3. Storyboarding: Next, you think about how a certain situation, i.e. a certain step of a scenario may be represented within a computer by a runtime object structure. This is done by adding object diagrams to the scenario. In story driven modeling, a scenario with object diagrams is also called a storyboard.
  - Scenario Go-Dutch barbecue
  - Start: This Sunday Peter, Putri, and Peng meet at the park for a go-Dutch barbecue. They use the Group Account app to do the accounting.
  - Step 1: Peter brings the meat for $12. Peter adds this item to the Group Account app.
  - Step 2: Putri brings salad for $9. Peter adds this item, too. The app shows that by now the average share is $7 and that Peng still have to bring these $7 while Peter gets $5 out and Putri gets $2 out:

  - Step 3: ...
4. Class diagram derivation: Now it is fairly straightforward to derive a class diagram from the object diagrams used in the storyboards.

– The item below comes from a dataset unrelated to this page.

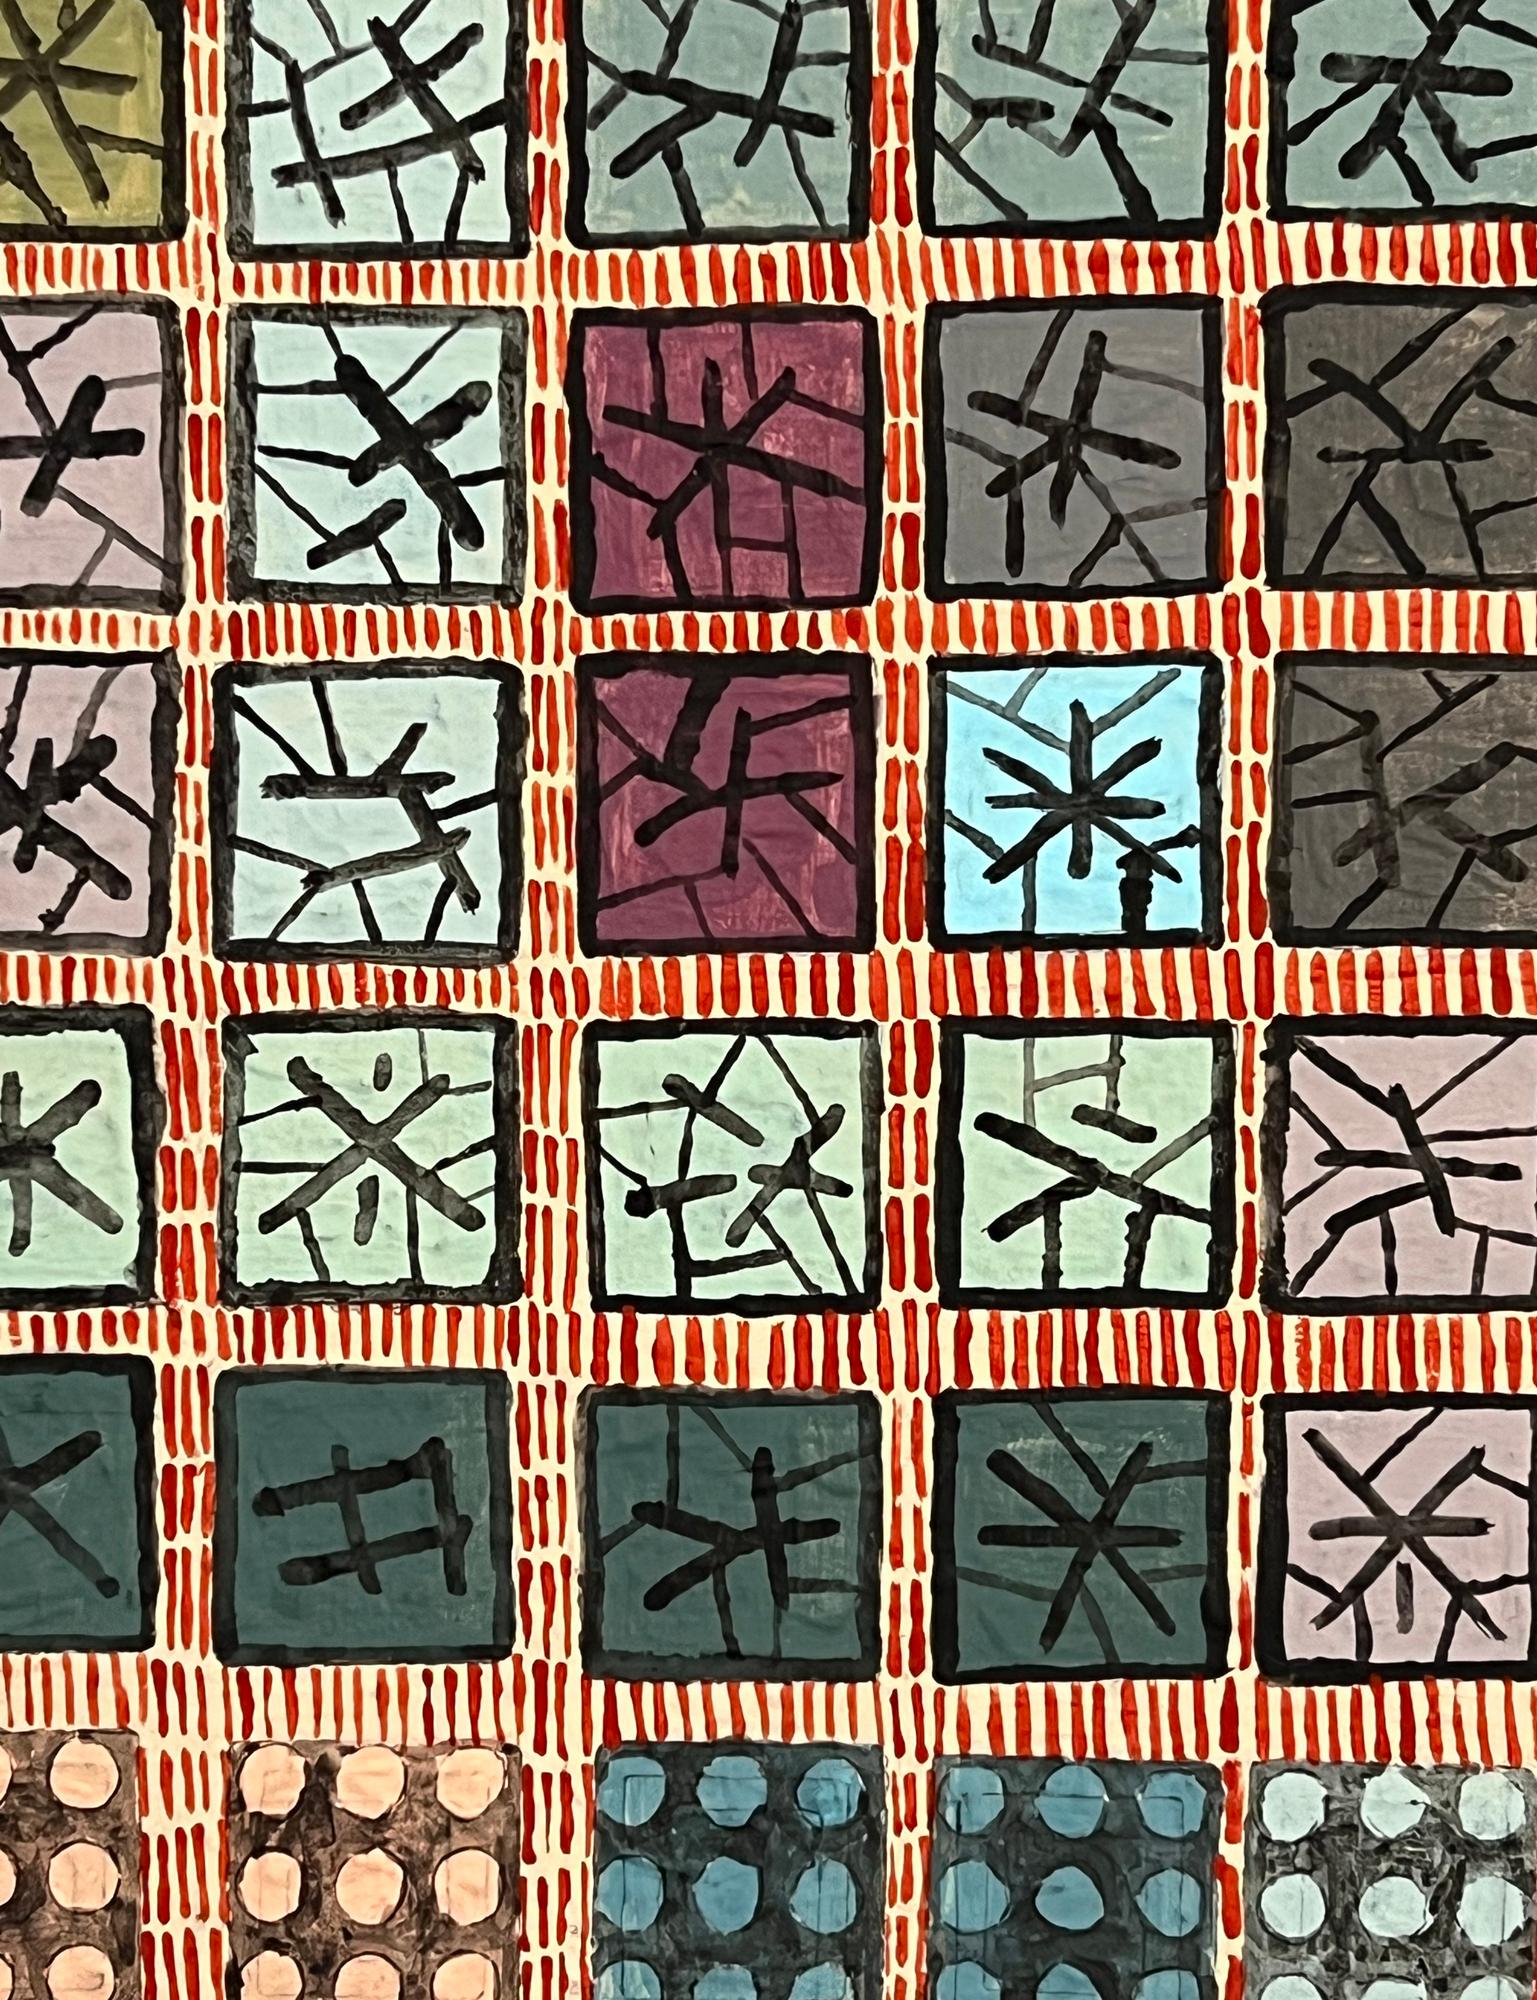 <p>Commentaires de l'artiste<br>L'artiste Terri Bell présente une grille abstraite dans différentes couleurs et arrangements. Elle rend hommage au batik, une technique indonésienne traditionnelle de teinture de tissus recouverts de cire. Les tons

Note, the class diagram serves as a common reference for all object diagrams. This ensures that overall the same types and attributes are used. Using a UML tool, you may generate a first implementation from this class diagram.
1. Algorithm design: So far you have modeled and implemented that object structures that are deployed in your application. Now you need to add behavior, i.e. algorithms and method bodies. Programming the behavior of an application is a demanding task. To facilitate it, you should first outline the behavior in pseudocode notation. You might do this, e.g. with an object game. For example, to update the saldo attributes of all persons you look at our object structure and from the point of view of the GroupAccount object you do the following:
  - Update the saldo of all persons:
  - visit each item
    - for each item add the value to the total value and add 1 to the number of items
  - compute the average share of each person by dividing the total value by the number of persons
  - visit each person
    - for each person reset the saldo
    - for each person visit each item bought by this person
      - for each item add the value to the saldo of the current person
    - for each person subtract the share from the saldo
2. Behavior implementation: Once you have refined your algorithm pseudocode down to the level of operations on object structures it is straightforward to derive source code that executes the same operations on your object model implementation.
3. Testing: Finally, the scenarios may be used to derive automatic JUnit tests. The pseudocode for a test for our example might look like:
  - Test update the saldo of all persons:
  - create a group account object
  - add a person object with name Peter and a person object with name Putri and a person object with name Peng to the group account object
  - add an item object with buyer Peter, description Meat, and value $12 to the group account object
  - add an item object with buyer Putri, description Salad, and value $9 to the group account object
  - call method update the saldo of all persons on the group account object
  - ensure that the saldo of the Peter object is $5
  - ensure that the saldo of the Putri object is $2
  - ensure that the saldo of the Peter object is -$7
  - ensure that the sum of all saldos is $0
 Such automatic tests ensure that in the example situation the behavior implementation actually does what is outlined in the storyboard. While these tests are pretty simple and may not identify all kinds of bugs, these tests are very useful to document the desired behavior and the usage of the new features and these tests ensure that the corresponding functionality is not lost due to future changes.

== Summary ==
Story driven modeling has proven to work very well for the cooperation with non IT experts. People from other domains usually have difficulties to describe their needs in general terms (i.e. classes) and general rules (pseudocode). Similarly, normal people have problems to understand pseudocode or to judge, whether their needs are properly addressed or not. However, these people know their business very well and with the help of concrete examples and scenarios it is very easy for normal people to spot problematic cases and to judge whether their needs have been addressed properly.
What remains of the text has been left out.